After a network outage, the supervisor cluster is stuck in a state of recreating workers, control plane nodes and virtual machines
book
Article ID: 421457
calendar_today
Updated On:
Products
VMware vSphere Kubernetes Service
Issue/Introduction
An network/power outage had happened in the environment where it had led to all components disconnecting from the network.
Running kubectl get machines show many of the virtuall machines are in provisioned and Deleting state.
Attempting to rollout, recreate the virtual machines, workers fail.
Within vCenter UI, you see many tasks that relate with VKS components such as deleting virtual machine, powering off virtual machine.
You see within the vCenter errors such as "The operation is not allowed in the current state."
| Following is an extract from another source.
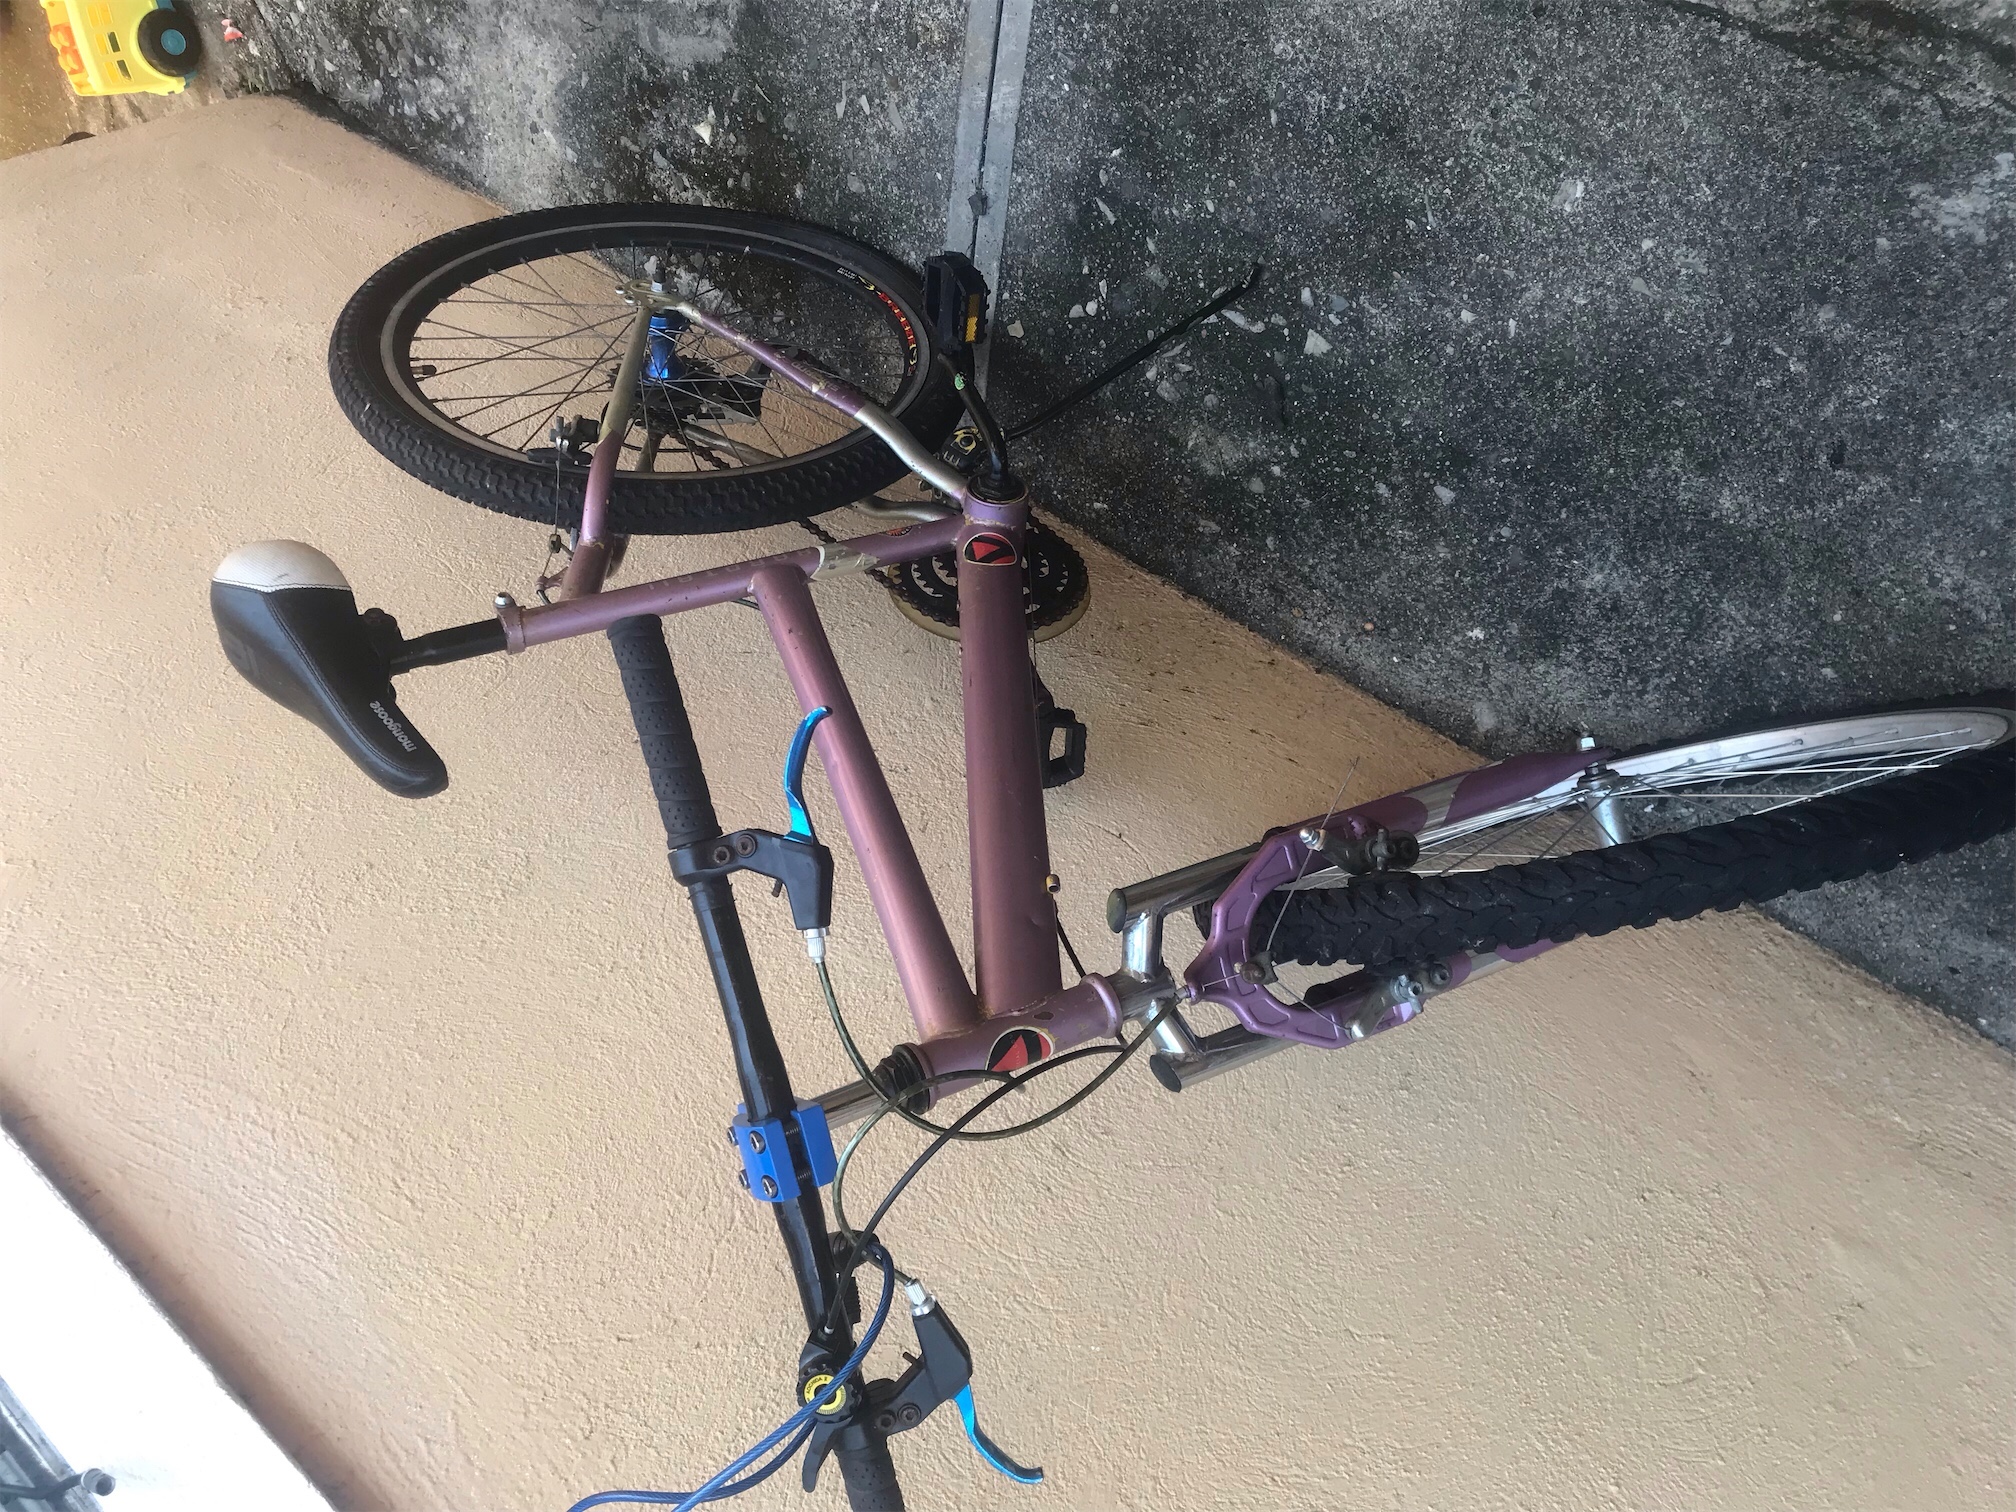 bicicletas y accesorios - Bicicleta usada aro 24 color morado

You may see PDL and/pr APD events that had happened on iSCSI datastores, and some datastores may still be inaccesible as they have gone into PDL condition.
Environment
vSphere 8.x with VKS supervisor.
Cause
The issue happens due to the network outage causing both the network and datastores to go down in an unorganized manner.
This can cause varioues issues such as hostd overflow, module errors, the nature of the network outage, whether/if the network switches have correct configuration if they had suffered powered outage and retained the correct configuration or not.
Note: The above 2 are only examples and not an exhaustive list of what issues can happen in VKS when a widespreak network outage. The conditions of this KB should be met for this KB to be applicabe for failure condition.
Note: Restoring connectivity or recovering desired state for components other than VKS is not in the scope of this KB. For related products such as NSX, refer to their respective KBs by searching with the error message seen in each product.
Resolution
Ensure that the network outage condition had fully resolved, and the underlying infrastructure had been restored to the desired state. This includes established desired connnectivity, VLANs, no ongoing issues that remain as artefacts, the storage is accesible again and the vCenter/ESXi components are available as the baseline.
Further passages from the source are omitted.